* _What the task requires_
A verbatim copy of all the data is required, minus any images.

* _Provided data_
______________________________

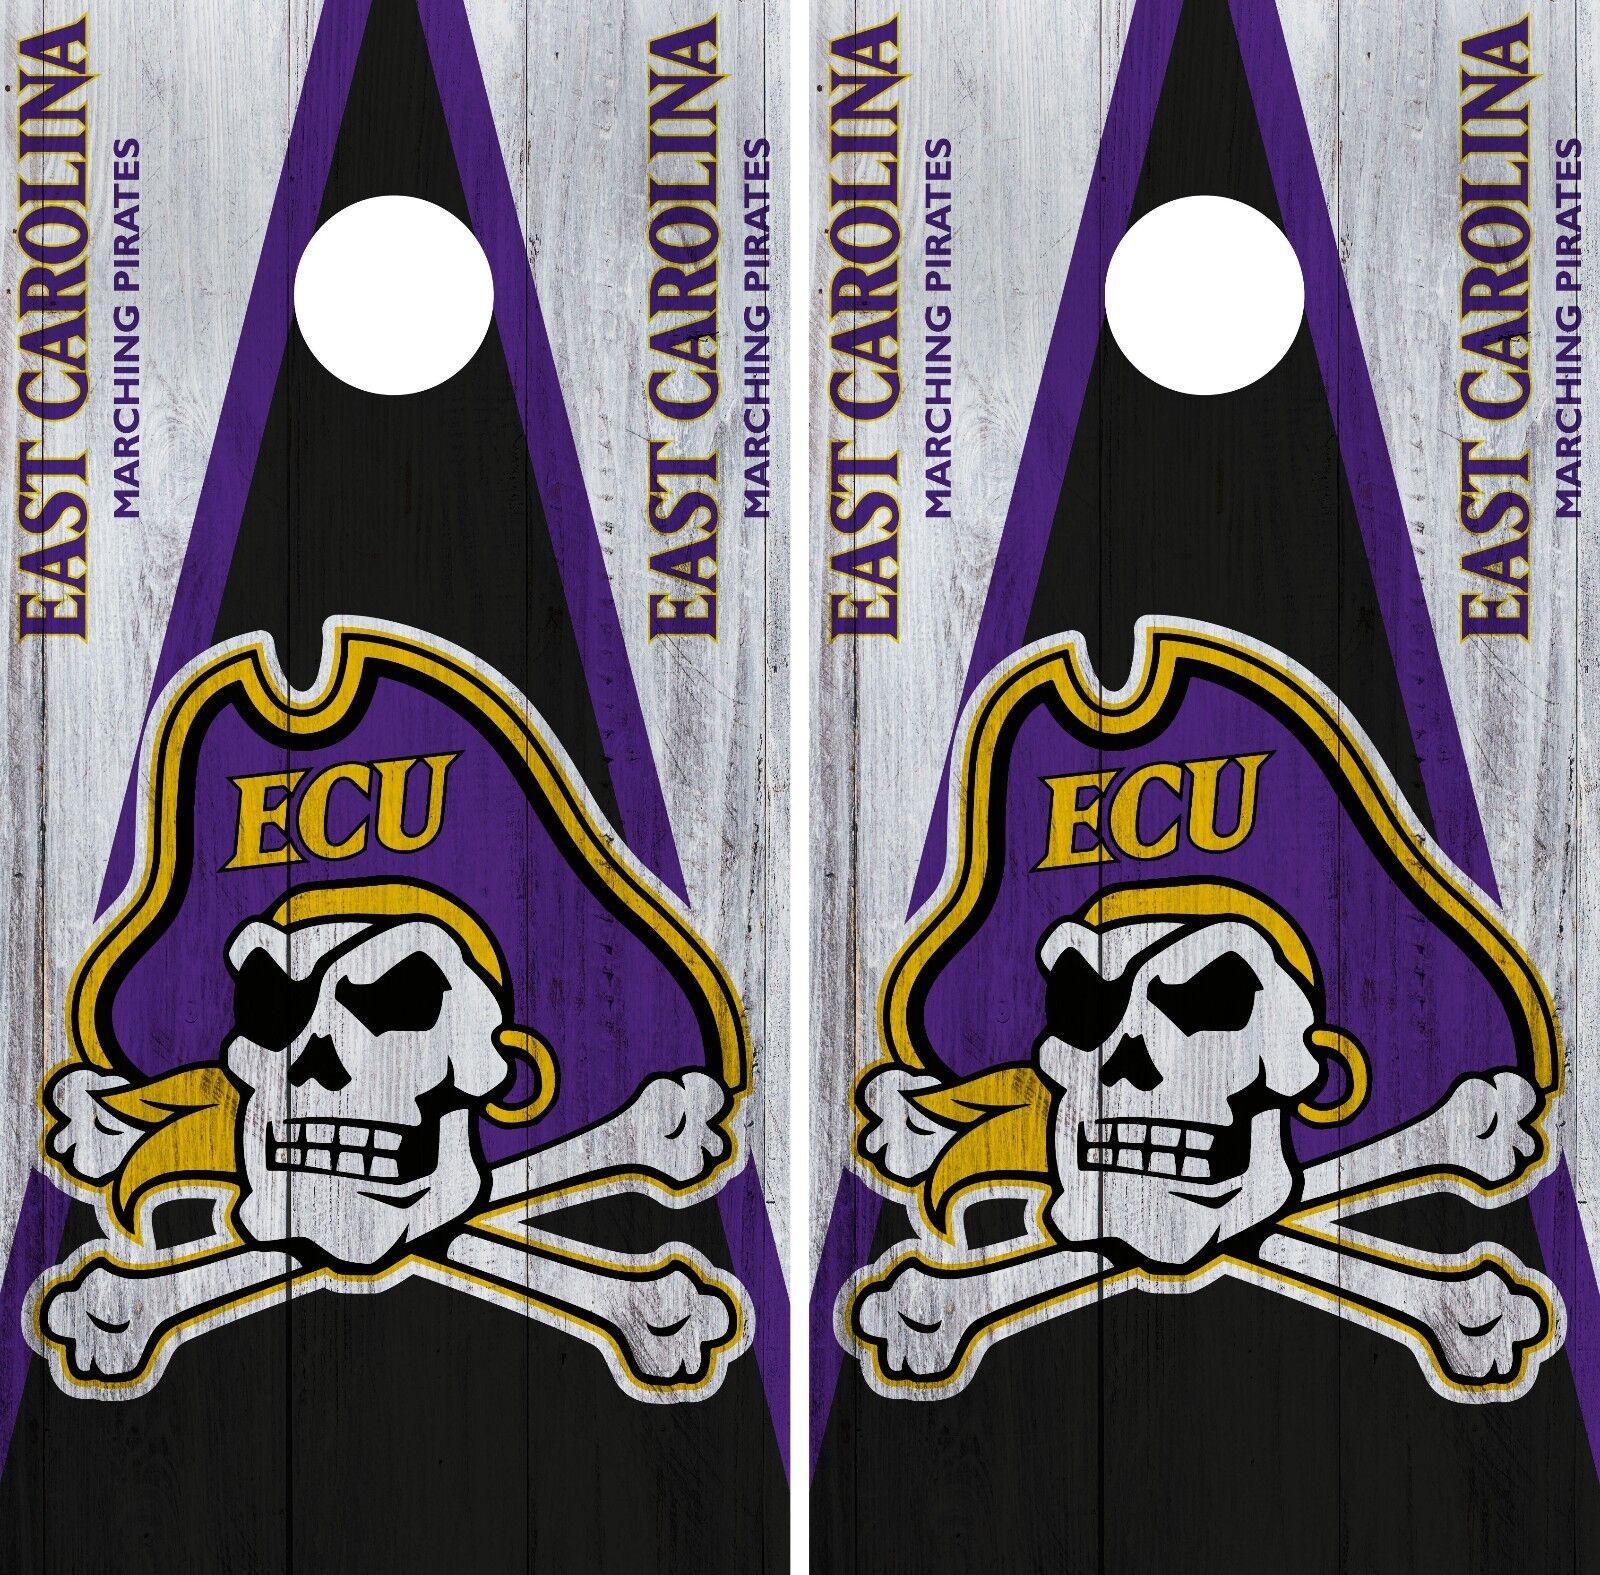 East Carolina  Pirates Cornhole Wrap NCAA Game Board Skin Vinyl Decal Set CO765  fitness retailer
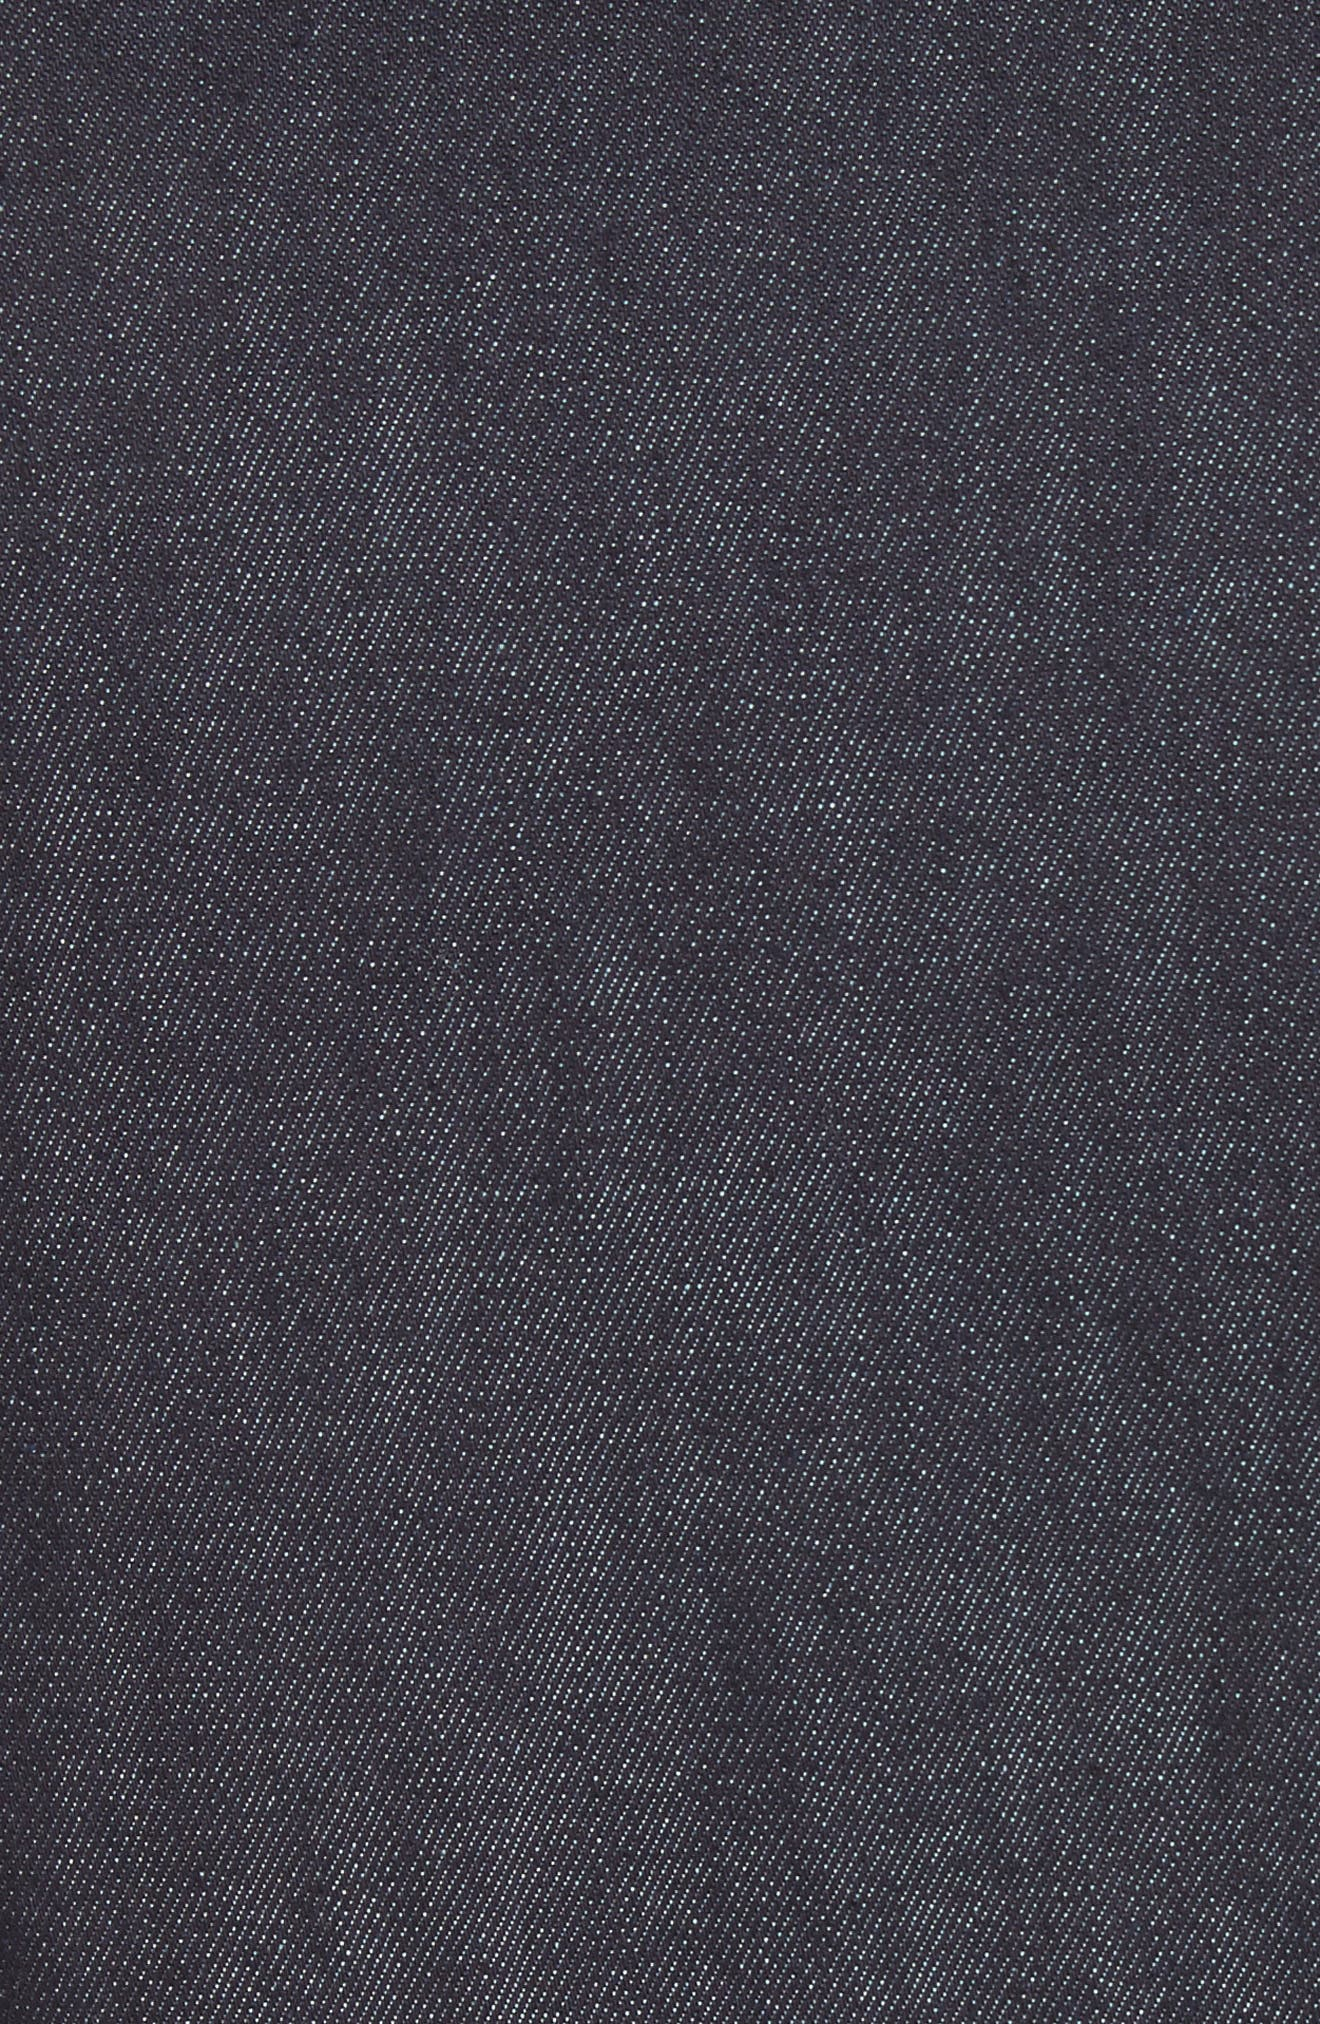 embroidered denim shirtdress,                             Alternate thumbnail 5, color,                             429
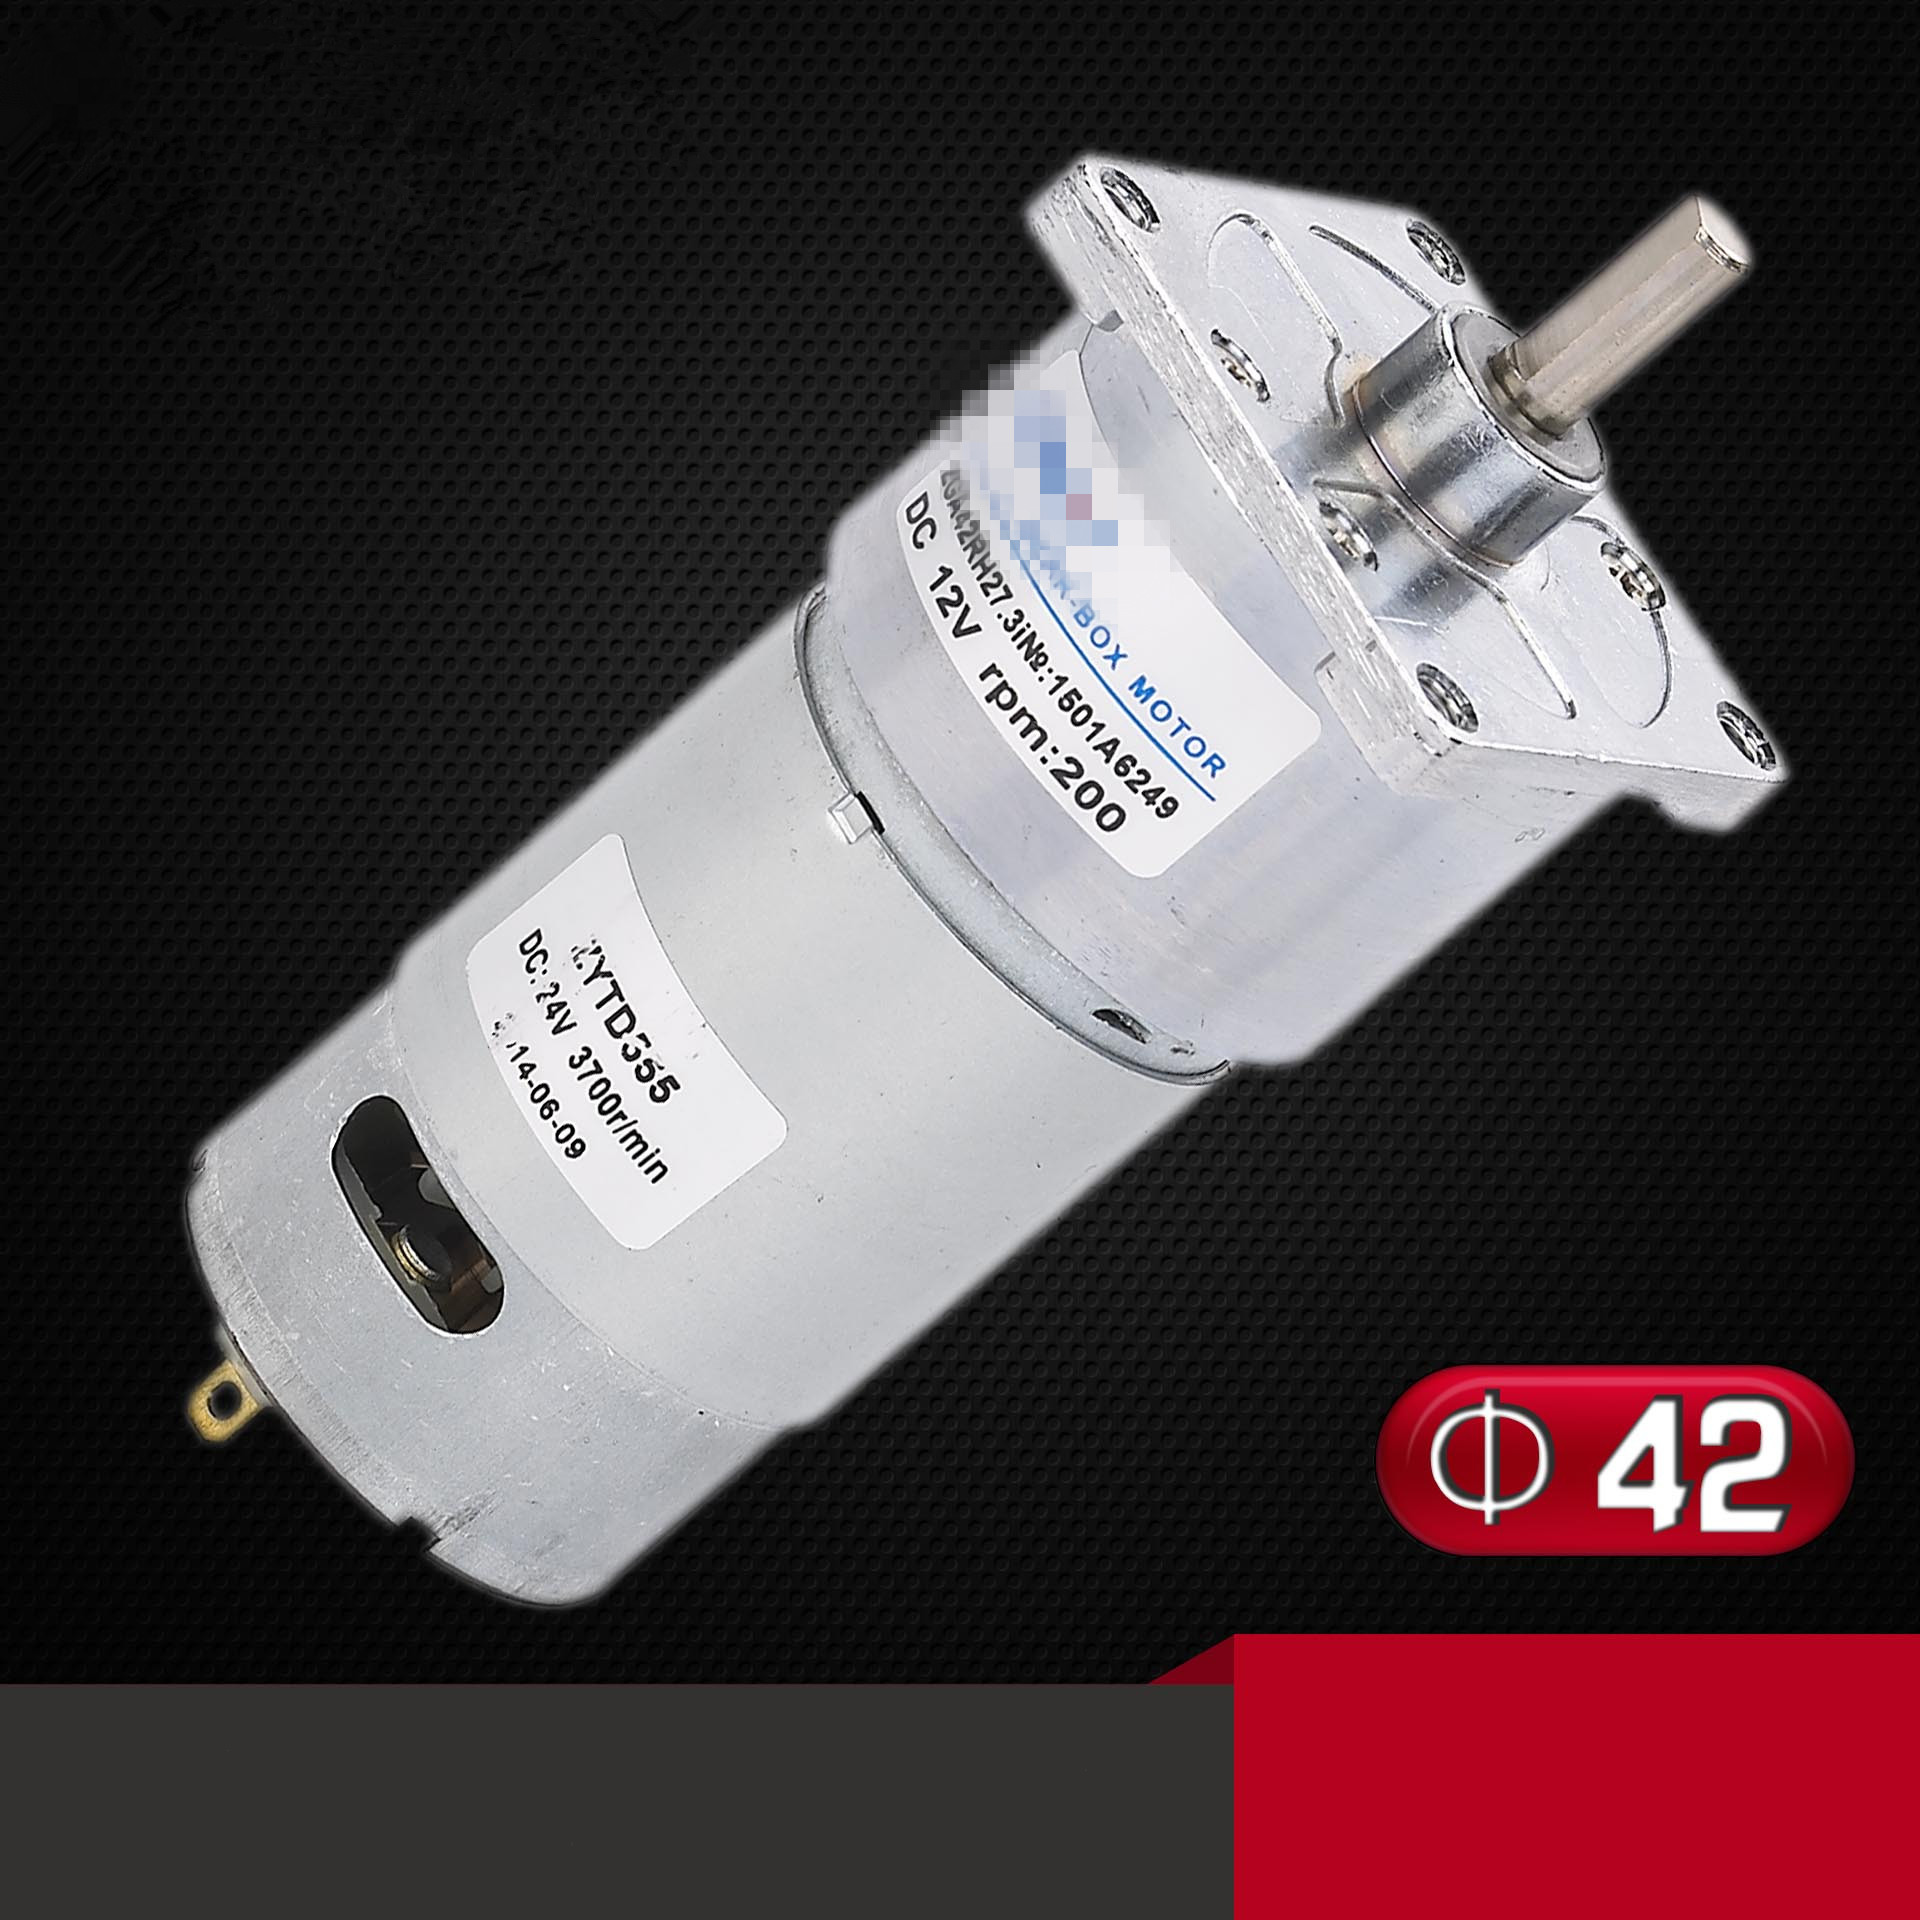 ZGA42FH DC Geared Motor 42mm DIA Square Clamshell DC 12V 24V Output Shaft Center 10RPM-750RPM zga37rh dc 24v 25rpm 6mm shaft dia cylinder permanent magnet geared box motor

______________________________

* _Exercise result_
 East Carolina  Pirates Cornhole Wrap NCAA Game Board Skin Vinyl Decal Set CO765  fitness retailer
 embroidered denim shirtdress,                             Alternate thumbnail 5, color,                             429
 ZGA42FH DC Geared Motor 42mm DIA Square Clamshell DC 12V 24V Output Shaft Center 10RPM-750RPM zga37rh dc 24v 25rpm 6mm shaft dia cylinder permanent magnet geared box motor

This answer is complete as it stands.